Squid compiles with --disable-internal-dns on AMD64 since version 2.5.5-r2. I have tested Squid 2.5STABLE11 with --enable-internal-dns (default) on several very busy (480 clients on 25 Mbit) AMD64 machines (multilib and -multilib) and it works properly with better performance. Please consider removing --disable-internal-dns when USE=amd64. I just commented out line use amd64 && myconf="${myconf} --disable-internal-dns " in the ebuild. Reproducible: Always Steps to Reproduce:
isn't it better to handle DNS in the proper daemon (e.g. named)? that way all other programs could benefit from its cache as well.

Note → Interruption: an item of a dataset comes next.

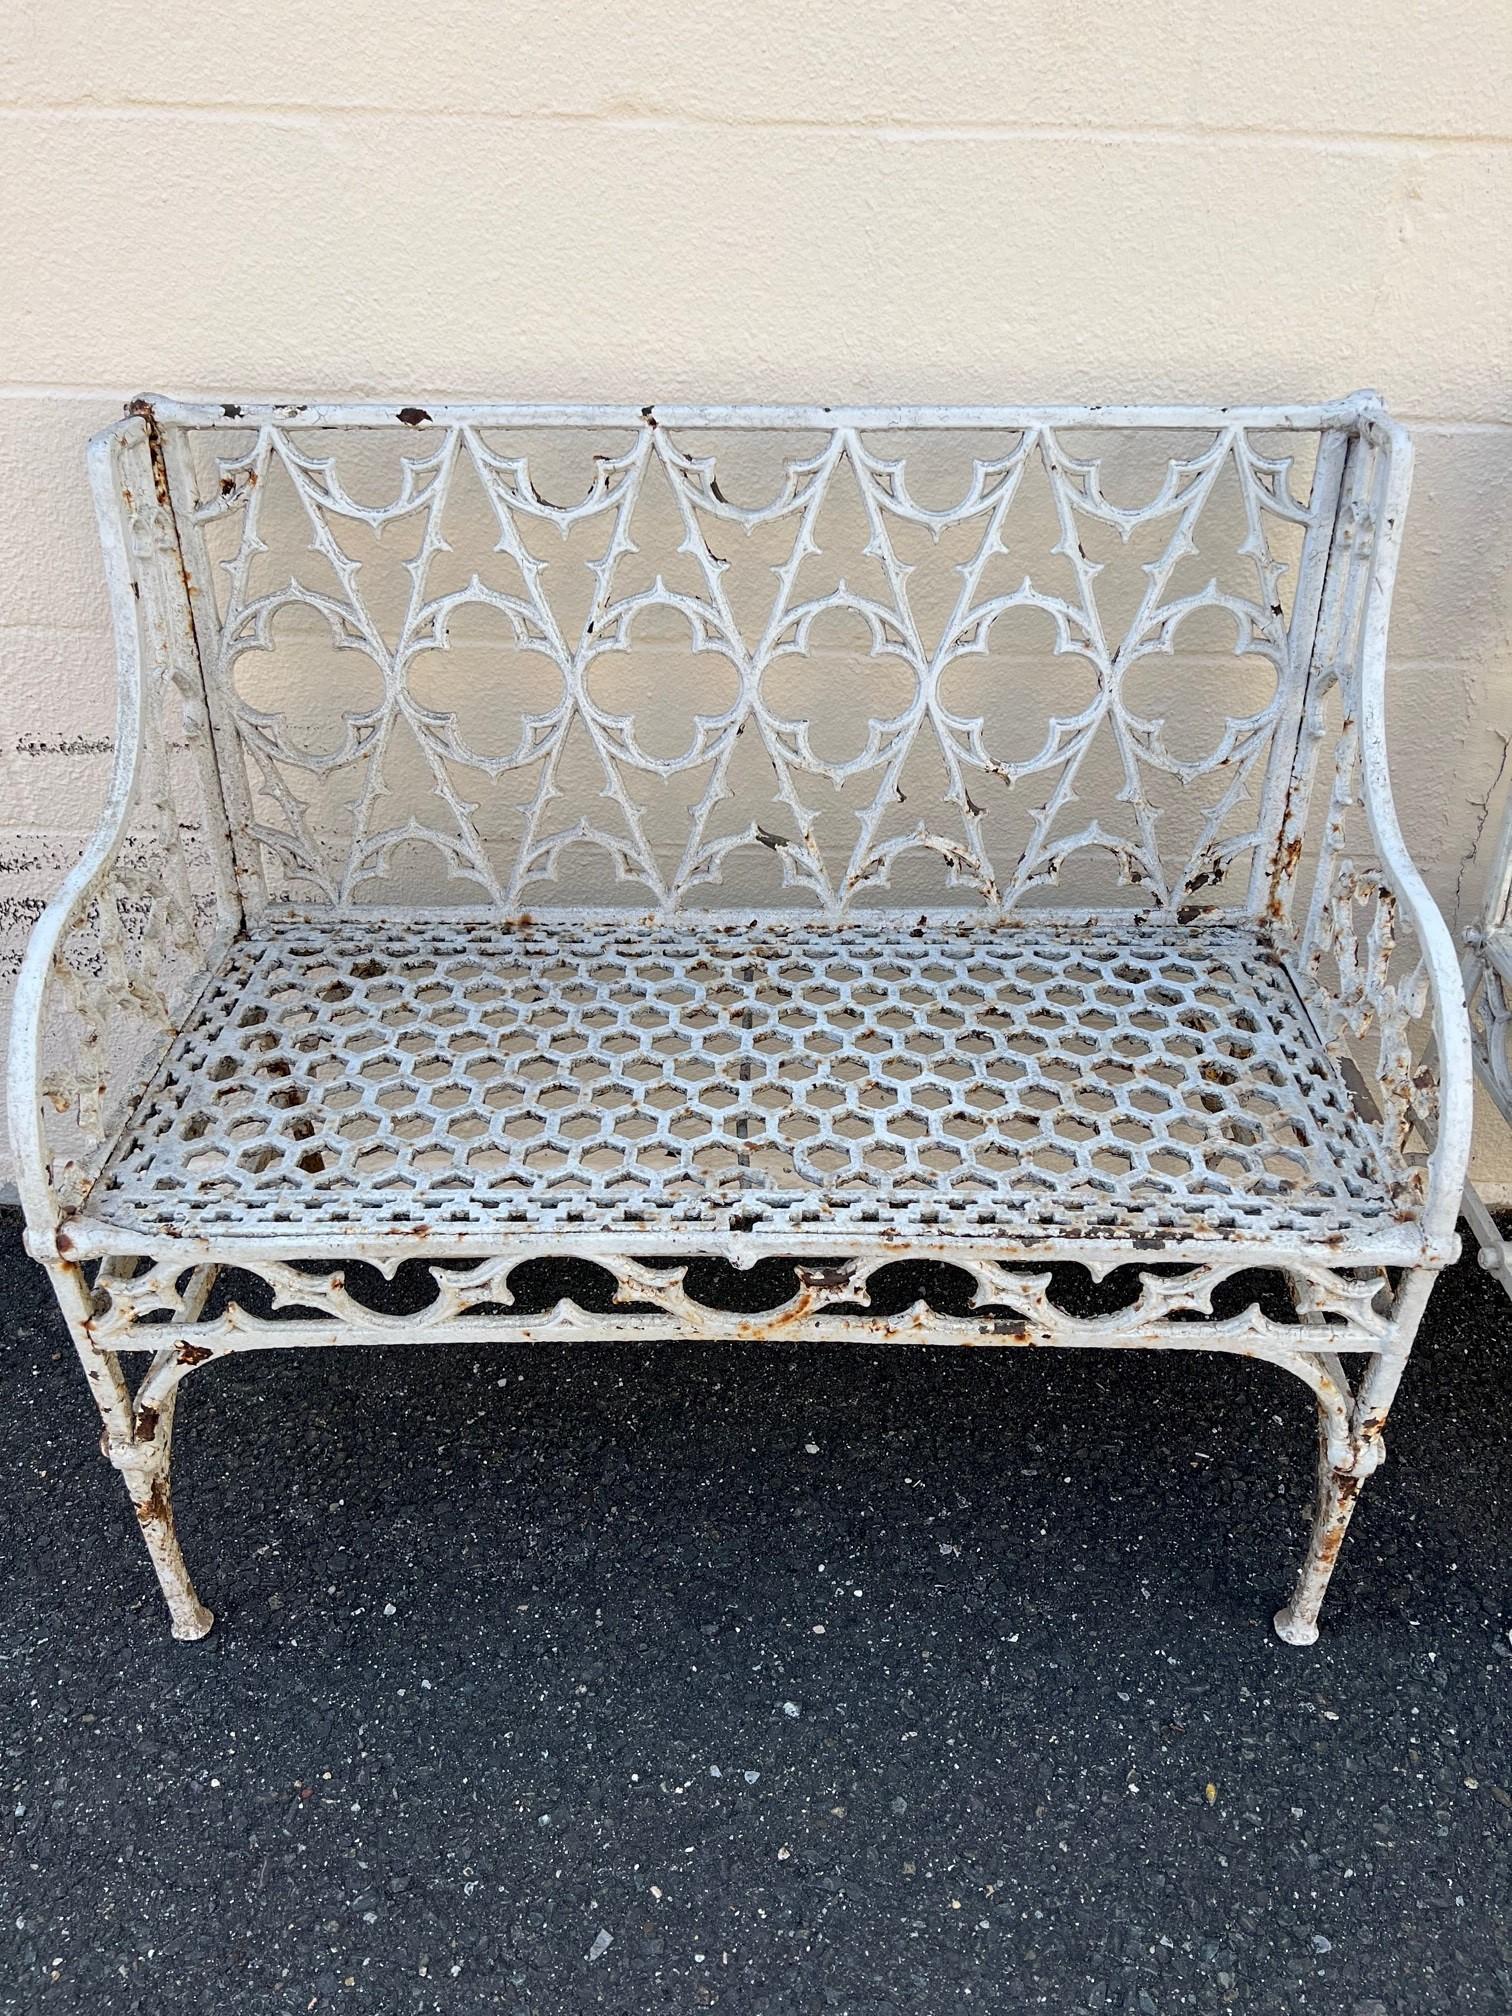 Antique Pair of English Coalbrookdale Style Iron Gothic Revival Garden Benches In Good Condition For Sale In Stamford, CT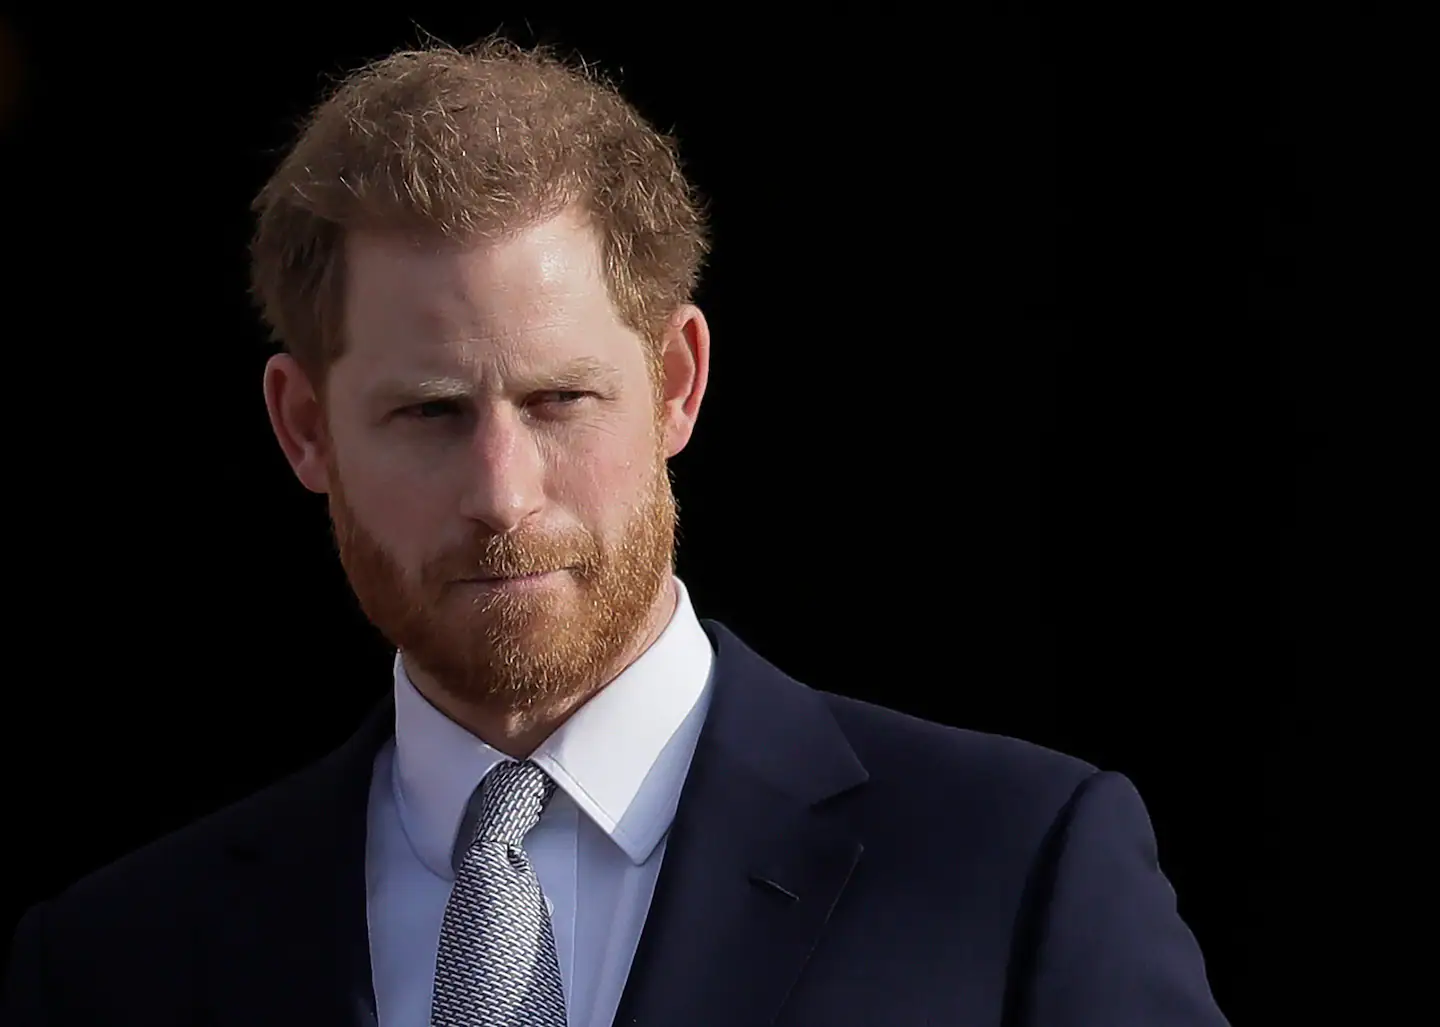 Prince Harry joins the American plutocracy

(In reply to comment #1) > isn't it better to handle DNS in the proper daemon (e.g. named)? that way all > other programs could benefit from its cache as well. When you use squid with --disable-internal-dns it starts dnsserver processes by default. When you have a busy cache you must set maximum number of dnsserver children (35 processes) to fulfil client requests. Otherwise Squid would spam cache.log with the request to increase number of dns children. With --enable-internal-dns (default option) and properly DNS system setup, Squid uses DNS server specified in /etc/resolv.conf (tested) and therefore use existing DNS cache (DJBDNS in my case).
arch team, can you test net-proxy/squid-2.5.11 without --disable-internal-dns? eradicator added this in changelog: 24 Jun 2004; Jeremy Huddleston <eradicator@gentoo.org> squid-2.5.5-r2.ebuild: Marked ~amd64. amd64 needs --disable-internal-dns to run properly.
This compiles and works just fine here too, although I don't have a 25MBit pipe and that many clients to test it on :) I have removed the line as I can see no reason to keep it, although I don't think it warrants a revision bump. Please let me know if there are any further issues.